For instance, at a gross income of Rs 15 lakh, you need deductions of approximately Rs 4 lakh under the old regime for it to be more tax-efficient than the new one. For incomes above Rs 20 lakh, if your total deductions exceed approximately Rs 4.5 lakh, sticking with the old regime is the smarter choice, explains Agarwala,
Many salaried individuals automatically meet or exceed these thresholds without even realizing it. Yet, they may unknowingly choose the new tax regime simply because it’s now the default. It is important to understand that opting for the new regime means accepting lower tax rates without the option to claim deductions, ideal for those who have not big ticket deductions available such as home loans and HRA.
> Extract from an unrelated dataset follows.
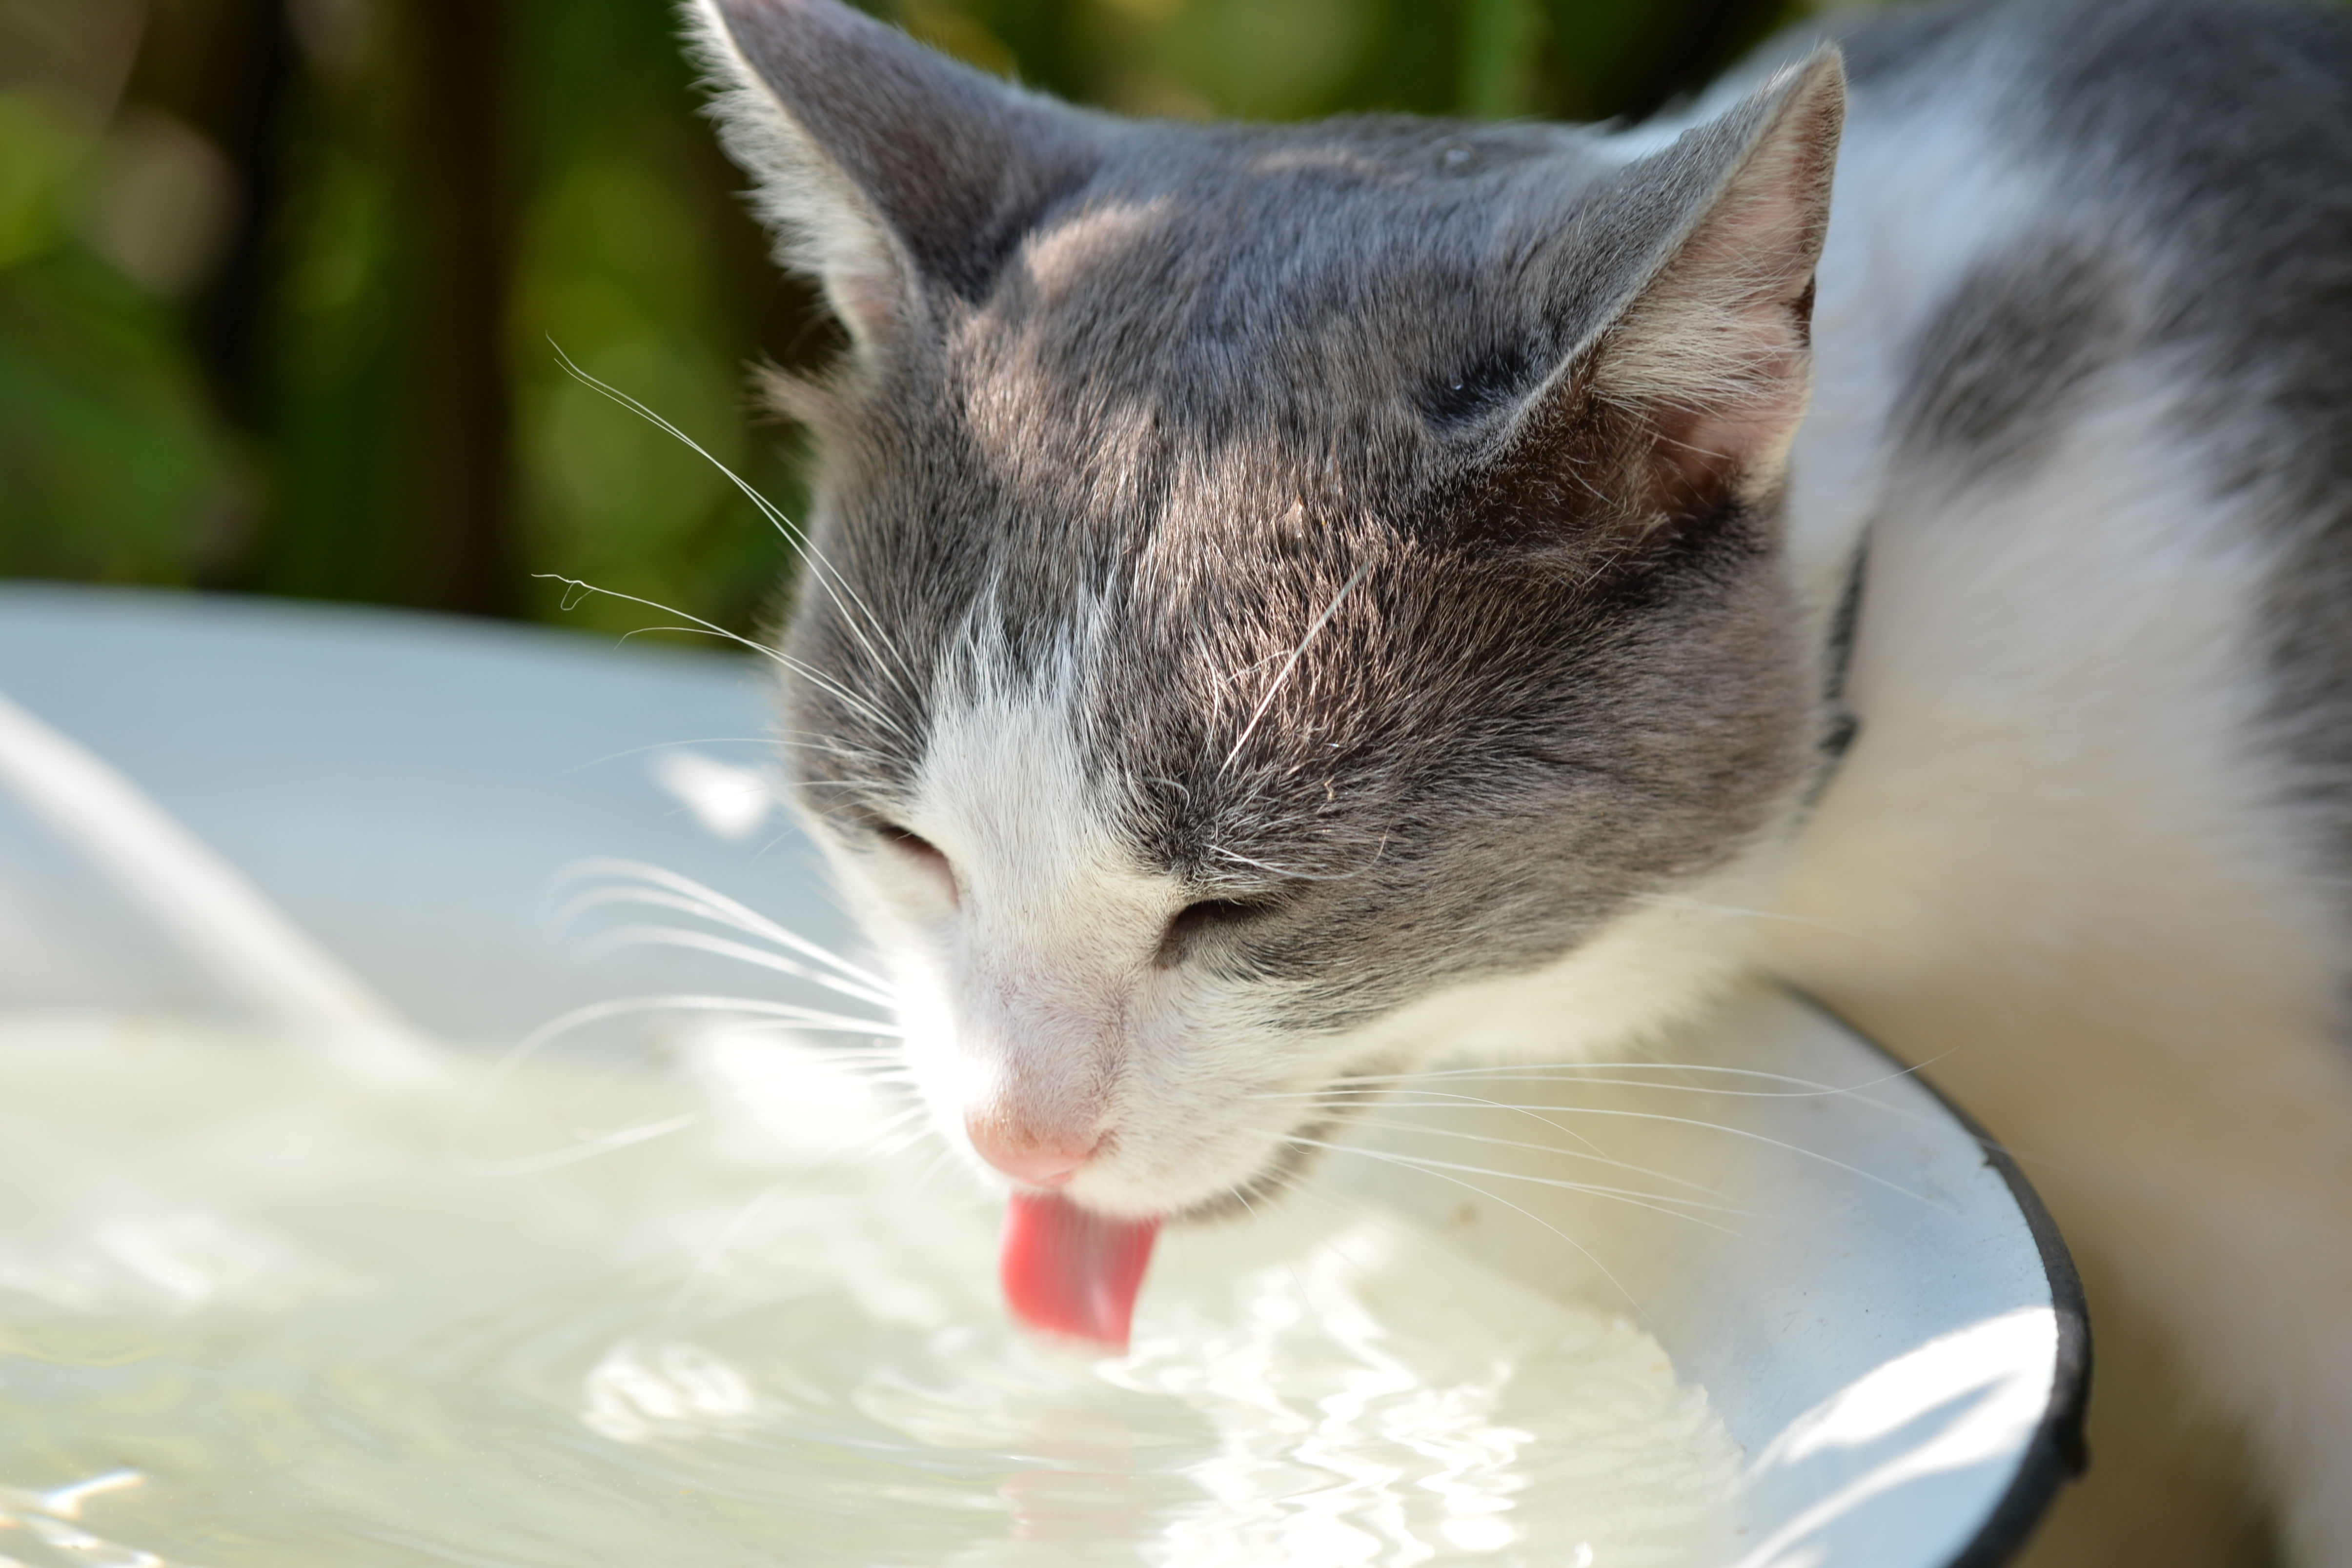 A Cat drinks water out of a bowl

Tax reforms announced in a budget apply prospectively, not retrospectively. The tax rebate on income upto Rs 12 lakh only begins from April 1, 2025—meaning you willl benefit from it only when you file your ITR in 2026 for FY 2025–26.
So, what’s the right approach now? Start by reviewing all your tax-saving investments and expenses. Gather documentation and use a tax calculator or consult a tax advisor to compare your liability under both regimes for FY 2024–25. If you find the old regime leads to a lower tax bill, make sure to actively choose it while filing your return.
In short, don’t let the default setting choose for you. While the new tax regime might become more attractive starting next year, it’s not the right fit for everyone this year. For FY 2024–25, the old regime still has plenty of relevance—and financial advantages—if you have played your cards right. Check your deductions, compare your options, and file smart.